What should I do? I could have just repeated my rules again, in the hope that he would eventually understand them. But I decided to try for some understanding. First I did some loox problems, and discovered that he could solve 3x + 2 = 11 as a loox problem.
What next? A clue is that the answer 6 is in some sense ridiculous -- 3 times 6 plus 2 does not equal 11. That suggests an inability to check his answer, which means he couldn't solve the problem in a backwards direction. So I had do the backwards problem -- he thought of a number, muliplied it by something, added something to it, and told me the answer. Then I had to guess what his number is.
I appeal to your intuition. Doesn't it seem like someone should be able to do the problem in this direction? Can you imagine trying to solve the problem in the correct direction if you couldn't do it in the backwards direction? So I think this was a good exercise for him. It seemed to be both fun and challenging for him, which is a very good sign for learning (although it could have been fun or challenging for the wrong reasons).
I then tried this same perspective on my third-graders. They choose a number from 1 to 10, multiplied it by a number, then added something to it and told me the answer. I told them what number they started with. They weren't impressed. So I thought of a number, multiplied it by something, added something to it, and gave them the result. I wrote it as an algebra equation 3 x k + 7 = 19. I am not sure that one of them got it, but the other two subtracted 7 from 19 to get twelve, then asked themselves what number times 3 equals 12, getting the answer 4.

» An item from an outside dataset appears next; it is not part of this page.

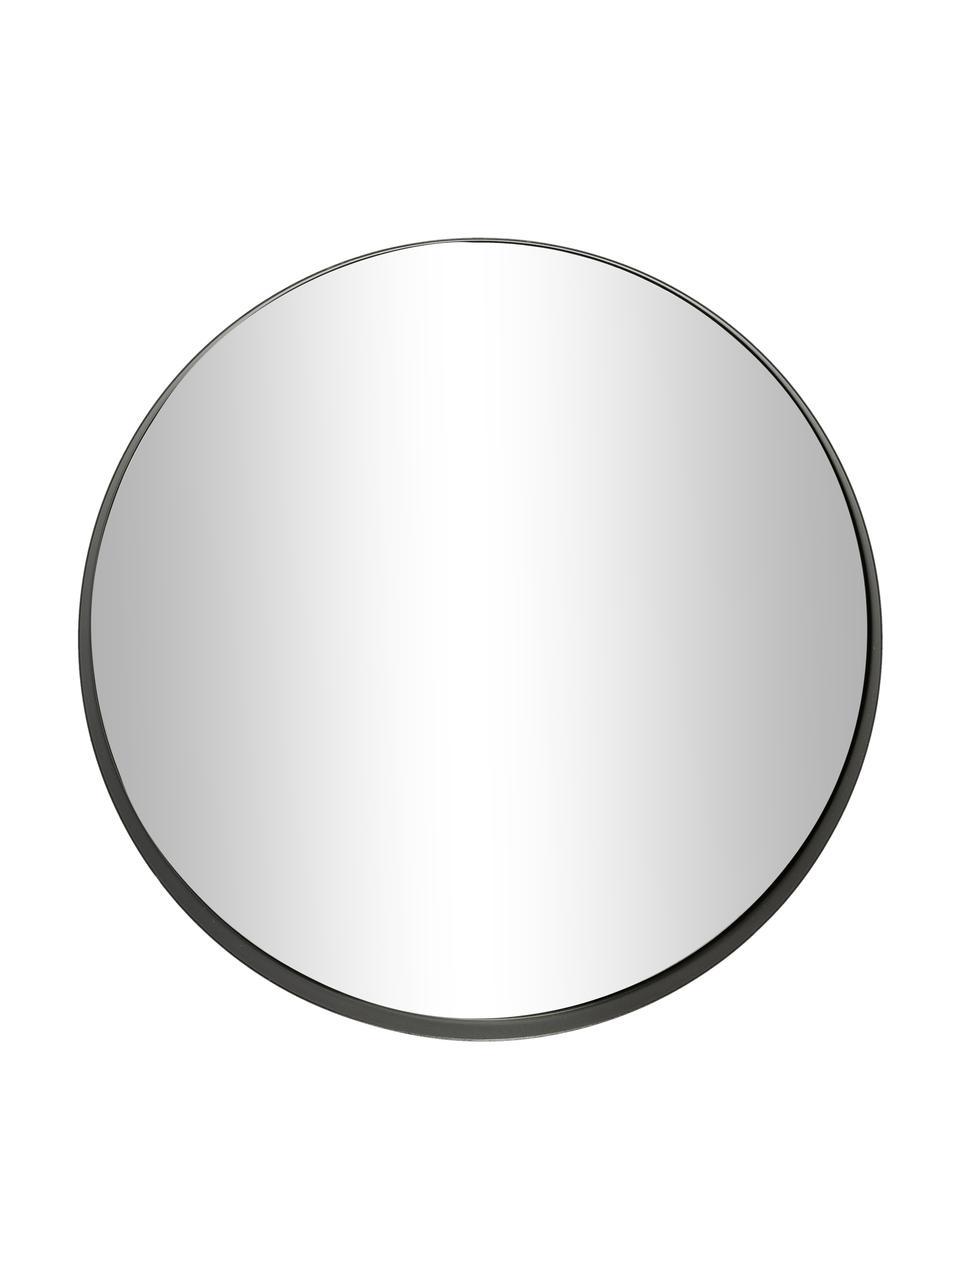 Lustro ścienne Metal, Rama: czarny Szkło lustrzane, Ø 30 cm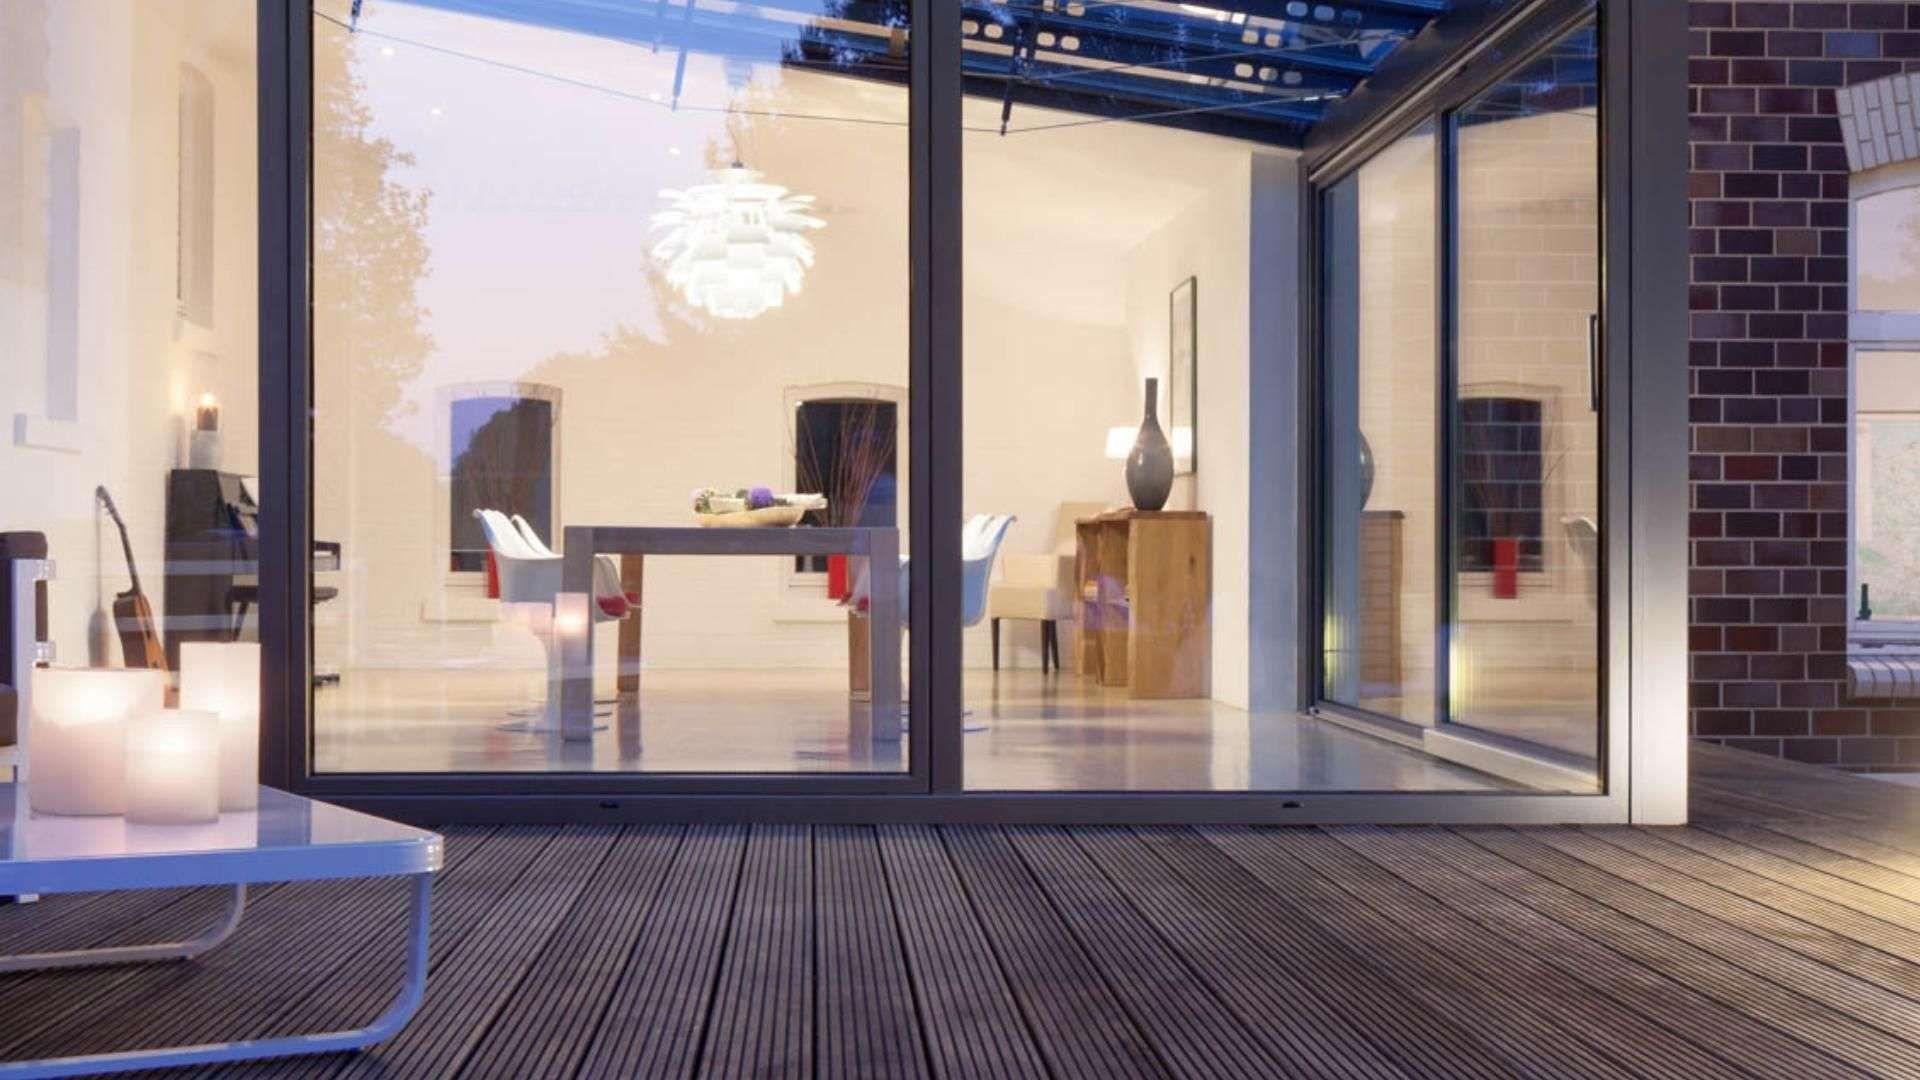 Terrasse mit einem Solarlux SDL Akzent Vision Wintergarten mit Licht und Sitzmöbeln im Inneren

So, to my surprise, they were solving algebra equations. Subtracting instread of adding didn't stop them. I choose a larger number and suggested dividing to find out what number times 8 equals 120. We were having a contest, and I was losing.
A More Complex Equation
Just to make things a little more challenging, I changed the equation to something like 4k + 5 = k + 17. They declared this to be impossible to determine. I should note that to understand the equation, they rewrote it substituting "some number" for k. In a sense this shows an incomplete mastery of variables, because they shouldn't need to do that. But in another sense, it shows that they know exactly what a variable means and they are treating it meaningfully, not just mindlessly manipulating symbols.
So, following my logic, I let them make up an equation like that for me to solve. In the time remaining, they couldn't do that. (To be more precise, they had to know the solution to the equation, which means deciding on their answer in advance and then constructing an equation around that solution.) They wanted to continue this next time. I predict that when they can make up a problem like that for me to solve, then they will be able to solve my problem, or at least come close to solving it (or understand the method if I tell it to them).
The "Know-Your-Number" Trick
There is a "magic trick" that goes like this. You select a number, you add 3, you multiply by 2, you subtract 10, you divide by 2, then tell the magician the final result. The magician then tells you your original number. These problems are just a variation on that trick.